I've been working on a project in which I extract table data from a pdf with neural network, I successfuly detect tables and get their coordinate (x,y,width,height) , I've been trying to crop the pdf with pypdf2 to isolate the table but for some reason cropping never matches the desired outcome. After running inference i get these coordinates

[[5.0948269e+01, 1.5970685e+02, 1.1579385e+03, 2.7092386e+02 9.9353129e-01]]

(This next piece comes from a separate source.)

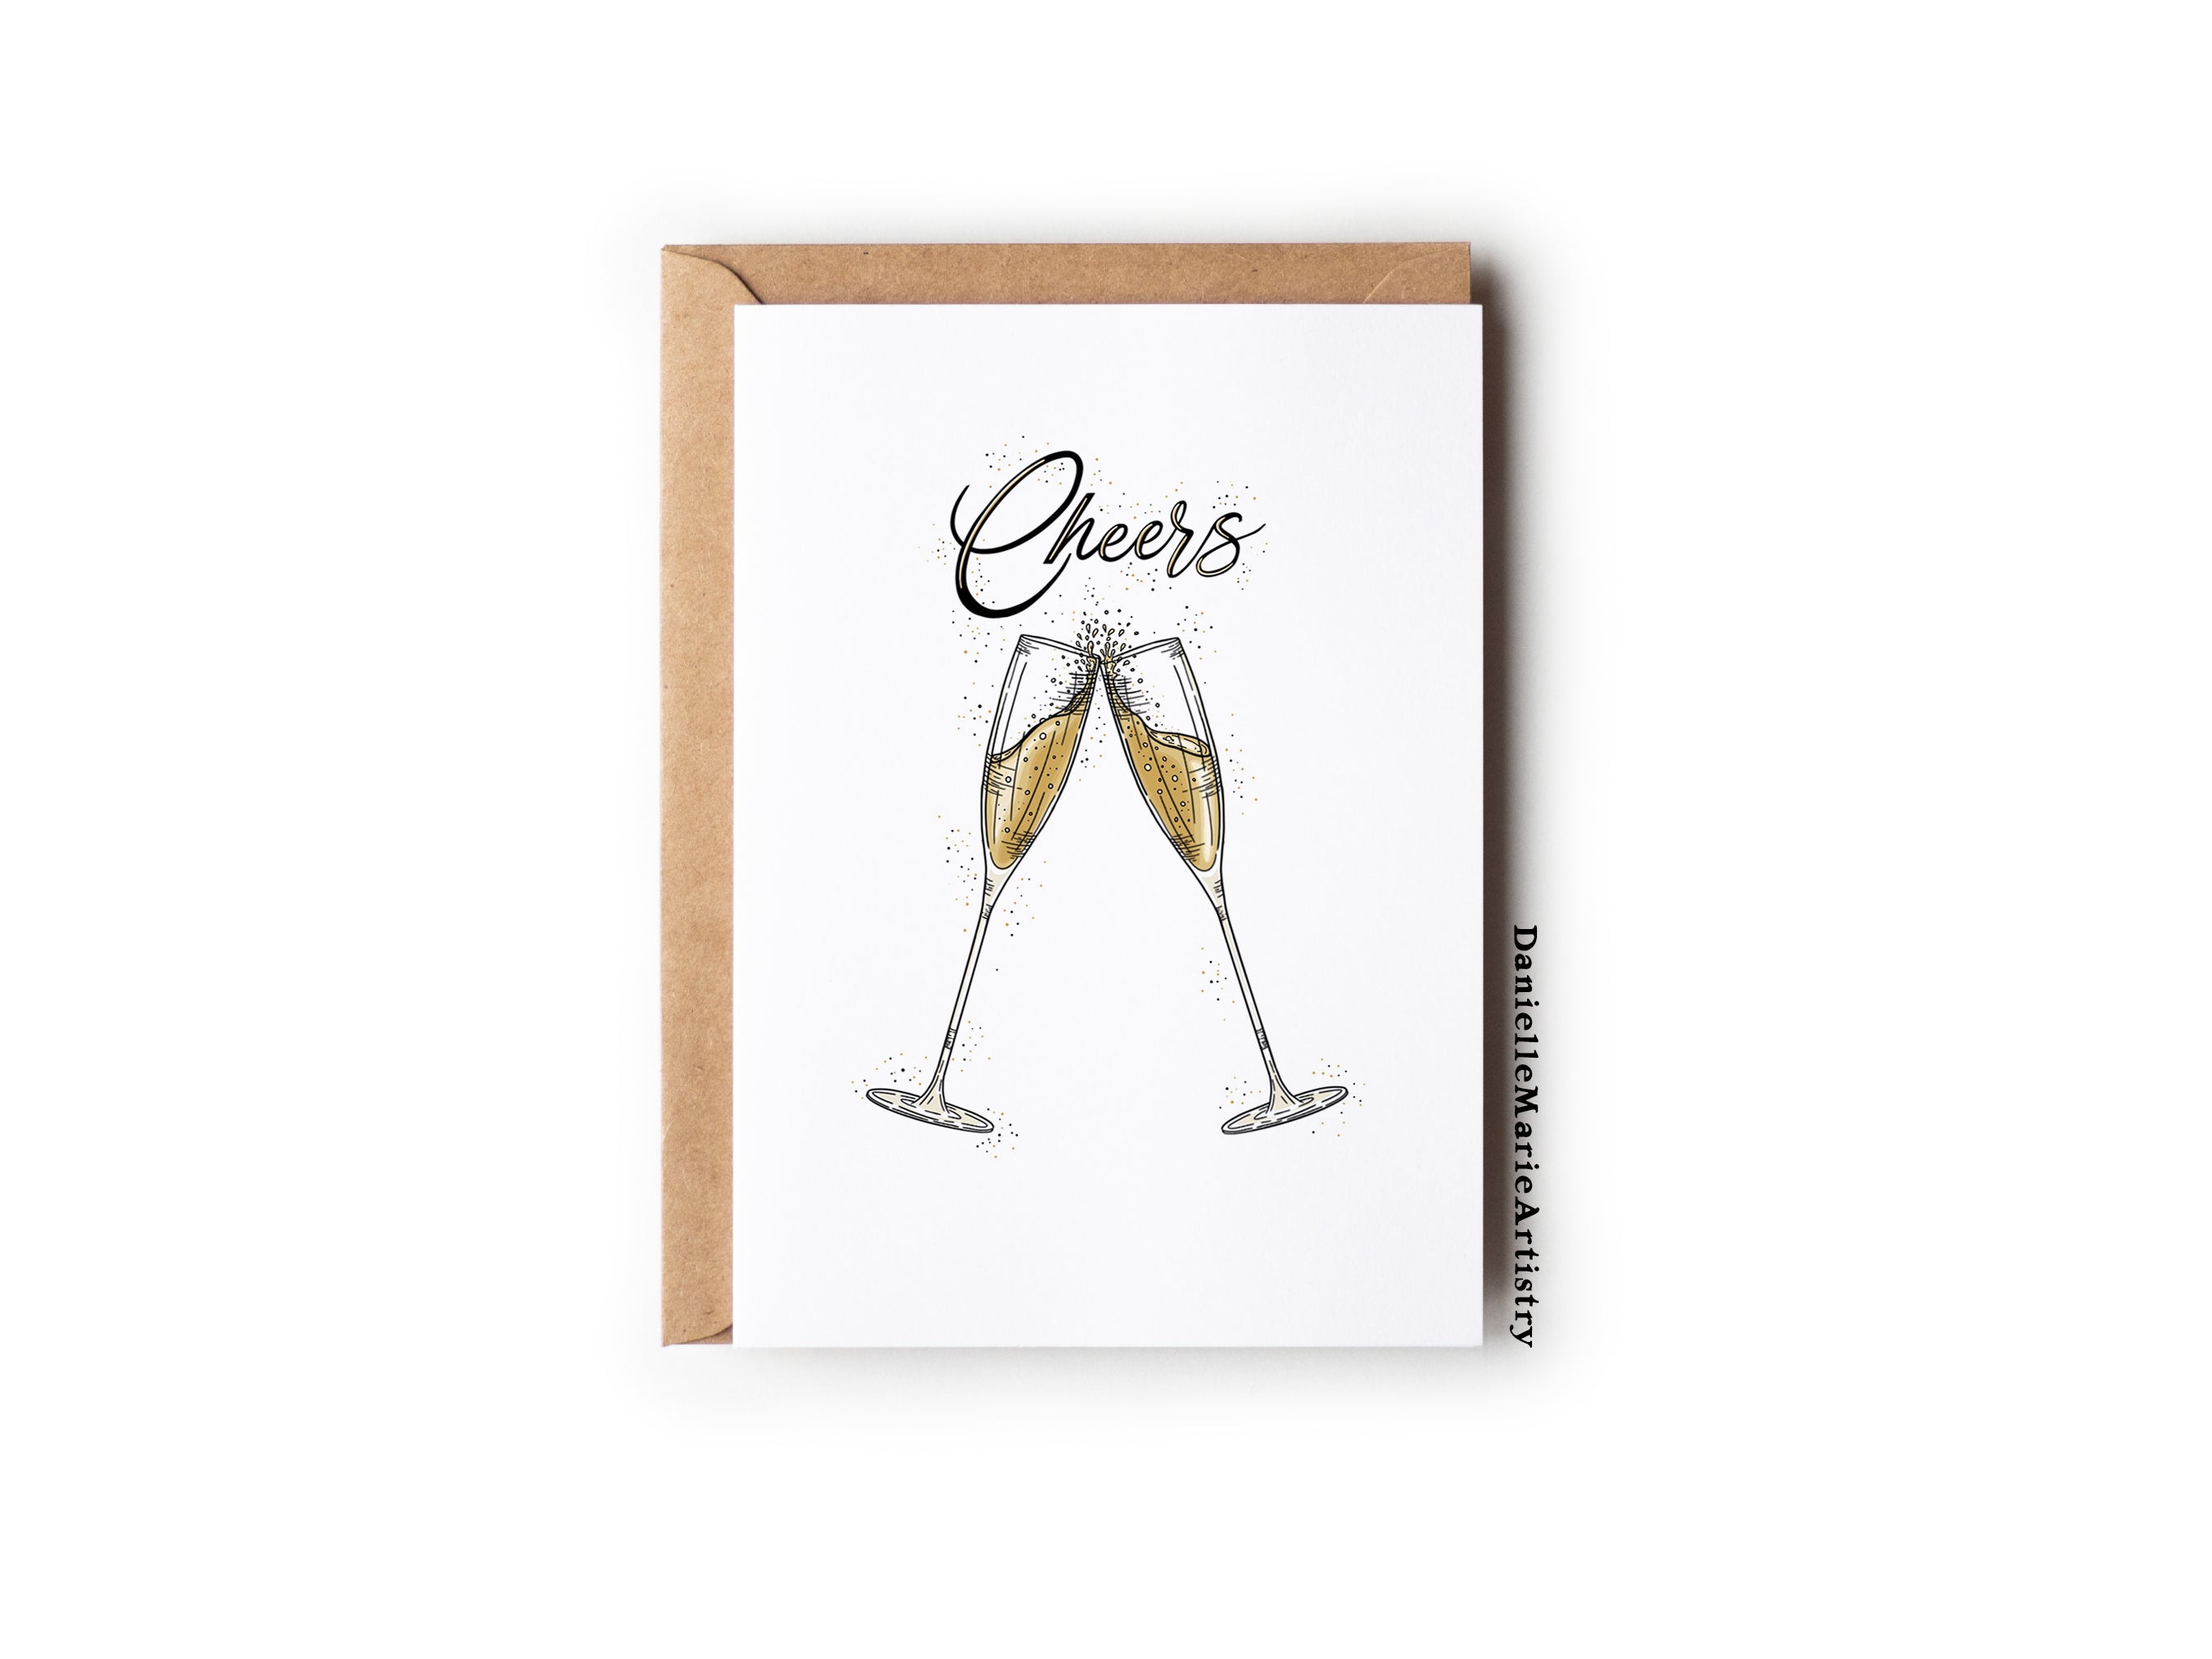 Cheers - Greeting Card

the 5th number is my neural network precision , we can safely ignore it

trying them in pyplot works , so there's no problem with them: Matplot

However using the same coords in pypdf2 is always off

from PyPDF2 import PdfFileWriter, PdfFileReader

with open("mypdf.pdf", "rb") as in_f:
    input1 = PdfFileReader(in_f)
    output = PdfFileWriter()

    numPages = input1.getNumPages()

    for i in range(numPages):
        page = input1.getPage(i)
        page.cropBox.upperLeft = (5.0948269e+01,1.5970685e+02)
        page.cropBox.upperLeft = (1.1579385e+03, 2.7092386e+02)
     
        
        output.addPage(page)
        with open("out.pdf", "wb") as out_f:
          output.write(out_f)

This is the output I get :

Cropped PDF Am i missing something ?

thank you !


Solution

  • Here you go:

    from PyPDF2 import PdfFileWriter, PdfFileReader
    
    with open("mypdf.pdf", "rb") as in_f:
        input1 = PdfFileReader(in_f)
        output = PdfFileWriter()
    
        numPages = input1.getNumPages()
    
        x, y, w, h = (5.0948269e+01, 1.5970685e+02, 1.1579385e+03, 2.7092386e+02)
    
        page_x, page_y = input1.getPage(0).cropBox.getUpperLeft()
        upperLeft = [page_x.as_numeric(), page_y.as_numeric()] # convert PyPDF2.FloatObjects into floats
        new_upperLeft  = (upperLeft[0] + x, upperLeft[1] - y)
        new_lowerRight = (new_upperLeft[0] + w, new_upperLeft[1] - h)
    
        for i in range(numPages):
            page = input1.getPage(i)
            page.cropBox.upperLeft  = new_upperLeft
            page.cropBox.lowerRight = new_lowerRight
    
            output.addPage(page)
    
        with open("out.pdf", "wb") as out_f:
            output.write(out_f)
    

    Note: in PyPDF2 the origin of coordinates placed in the lower left corner of a page. And the Y-axis is directed from the bottom to up. Not like on the screen. So if you want to get a PDF-coordinate of top edge of your crop area you need to subtract y-coordinate of the top edge of the crop area from the height of the page.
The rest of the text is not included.